| Instructions to follow |
Locate the line containing "Handmade polymer clay" in the material below. Copy that line and all following lines through the end exactly, omitting any pictures.

| Data section |

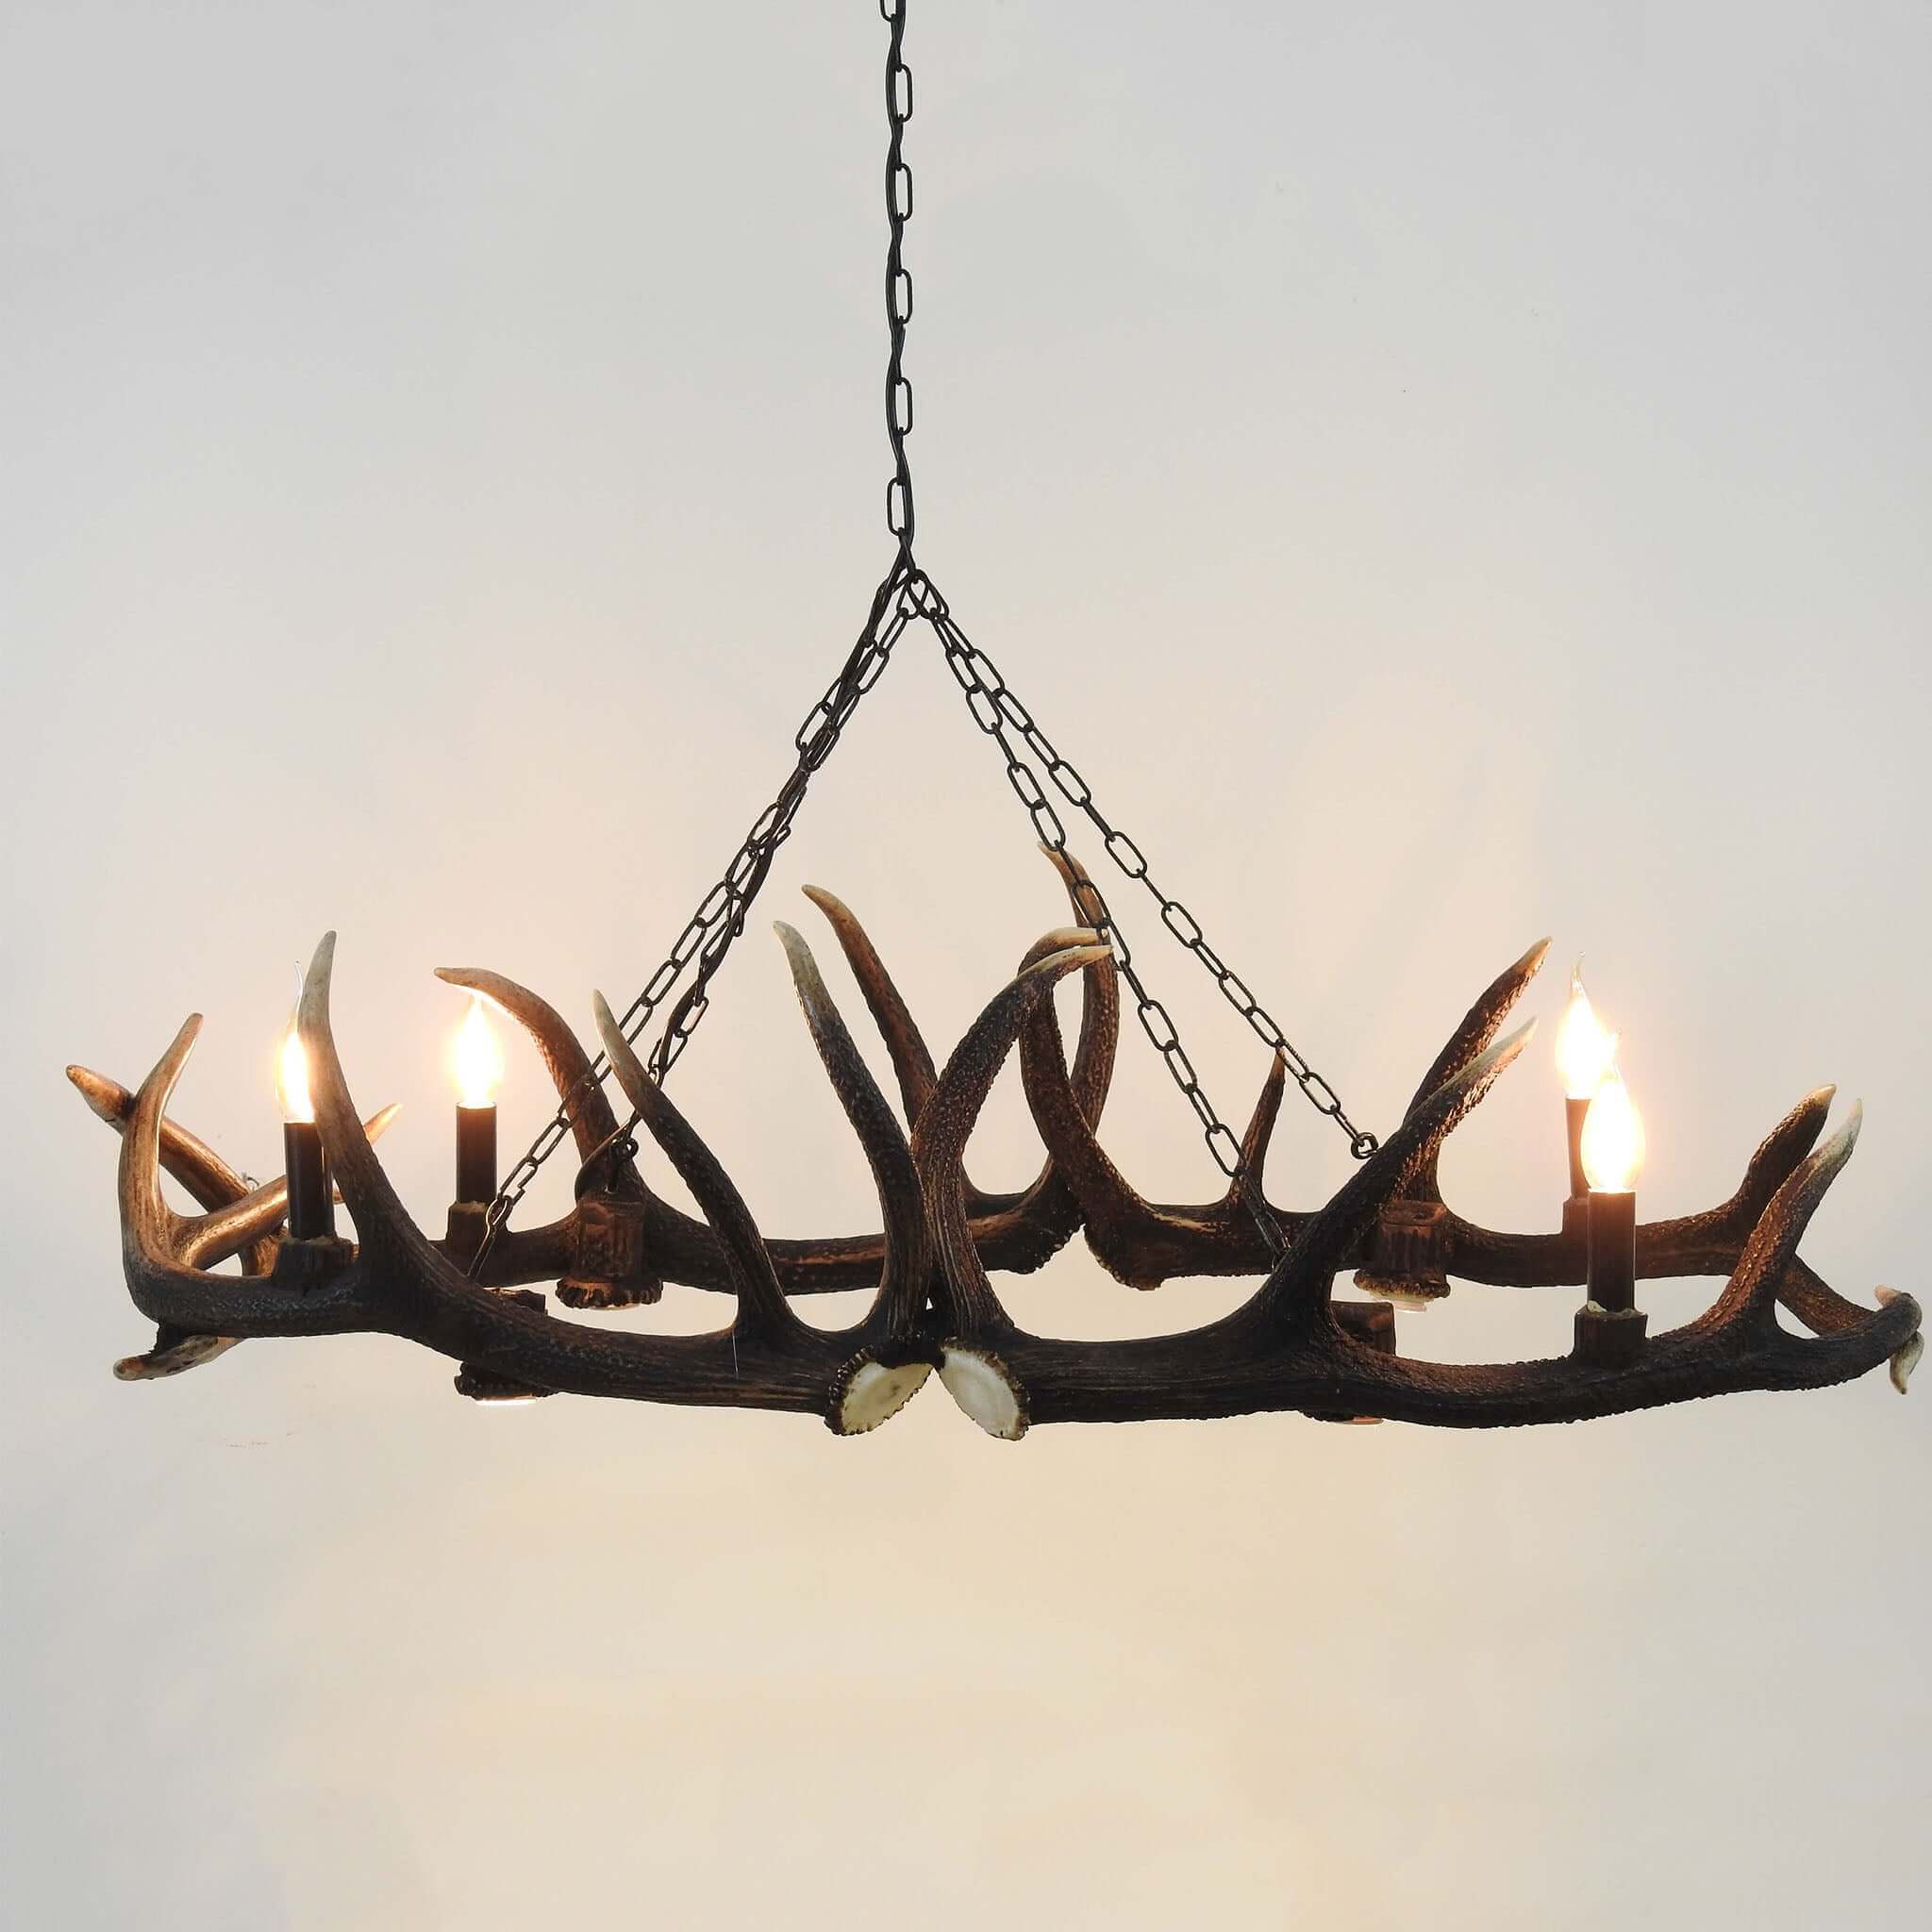 Real deer antler chandelier
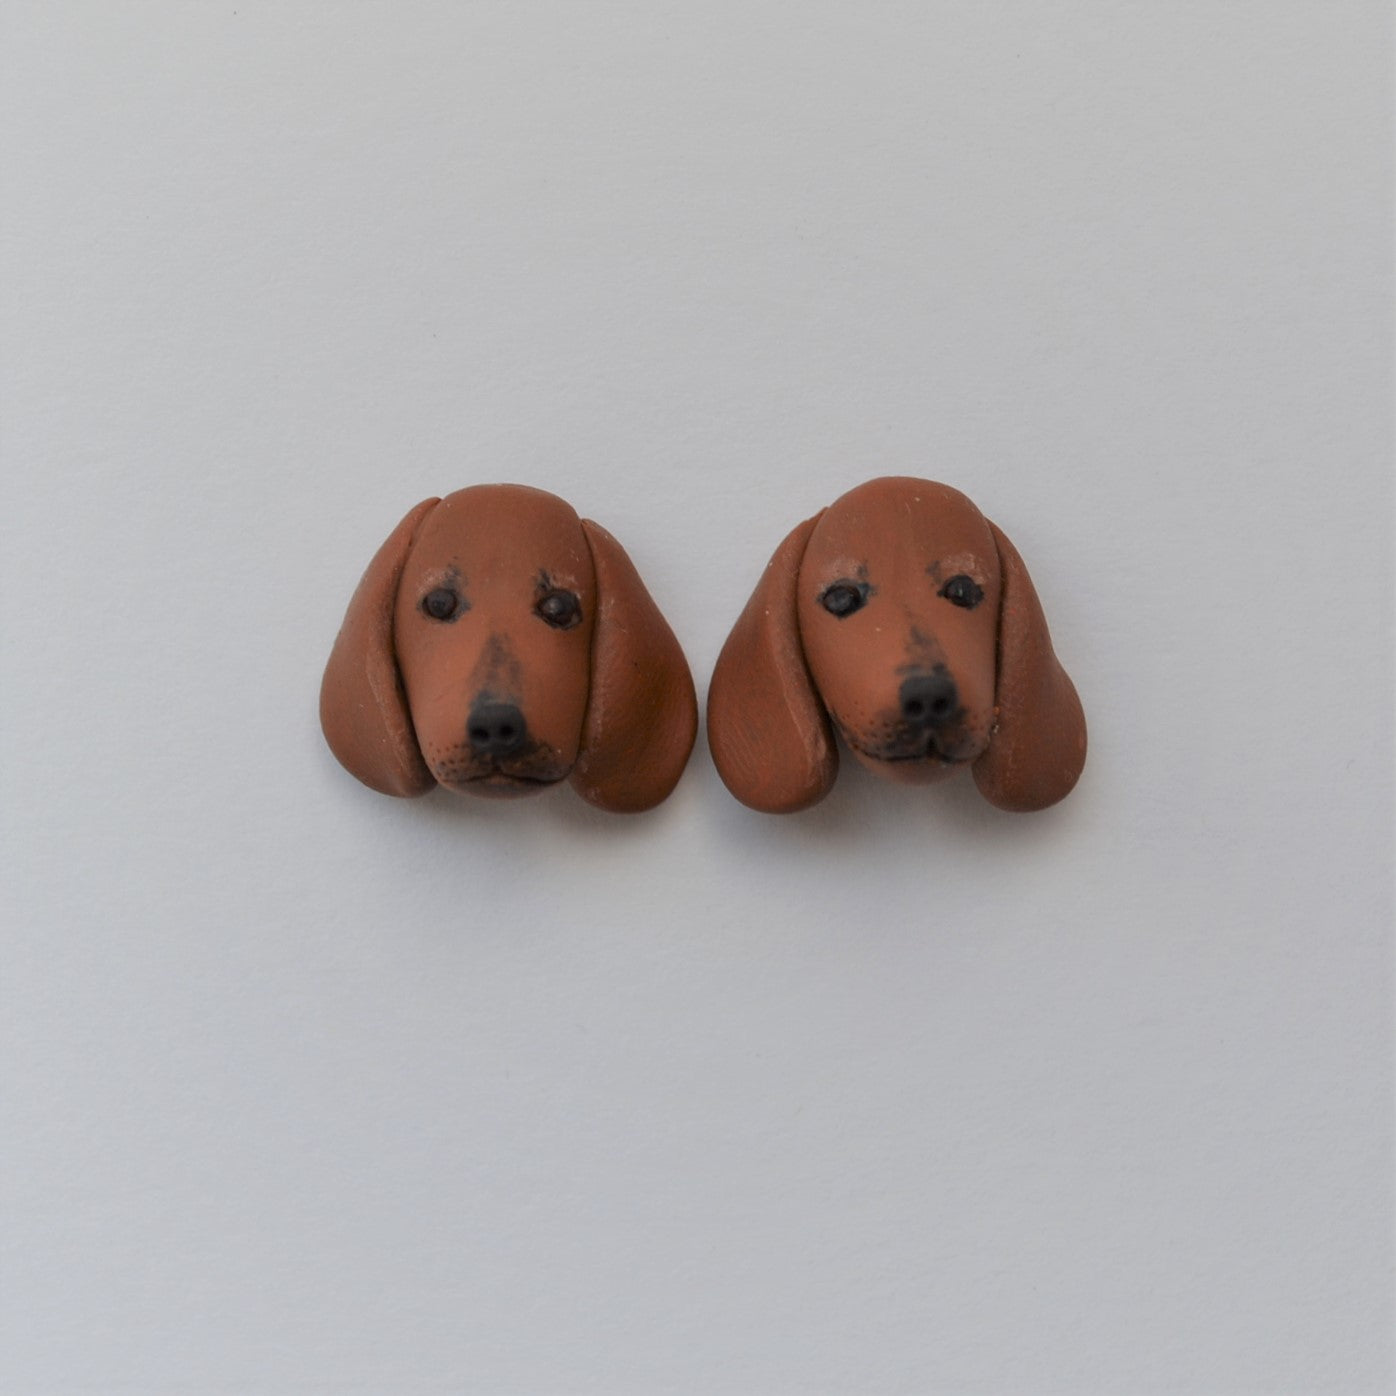 Handmade polymer clay Dachshund stud earrings shown on white background
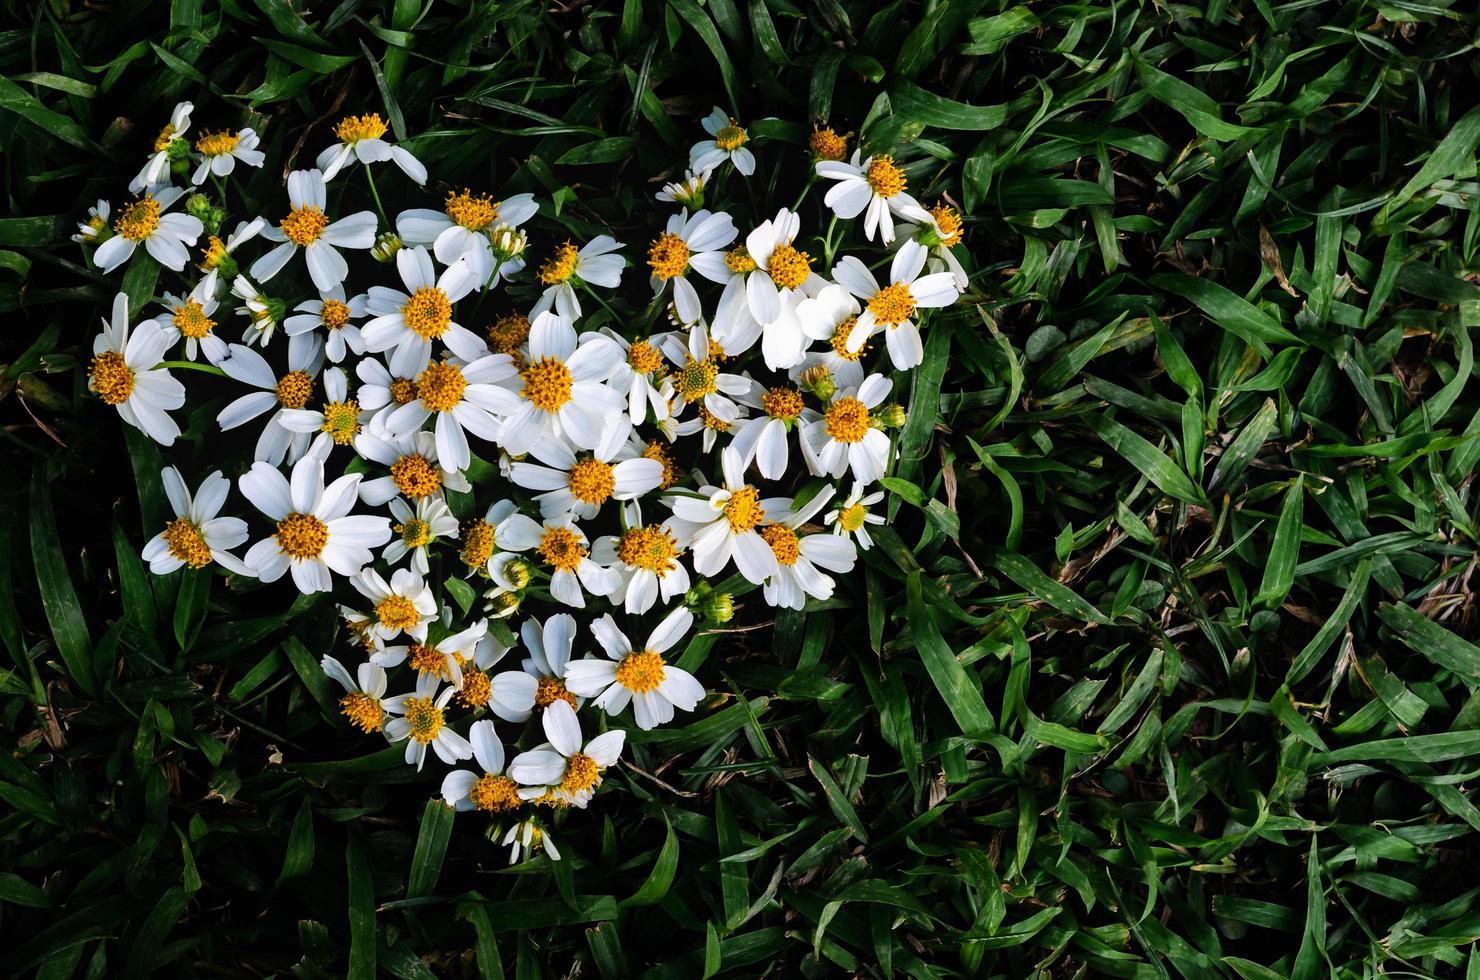 Spanish needles or Bidens alba flowers set as love shape on green grass background. photo

| Reply |
 Handmade polymer clay Dachshund stud earrings shown on white background
 Spanish needles or Bidens alba flowers set as love shape on green grass background. photo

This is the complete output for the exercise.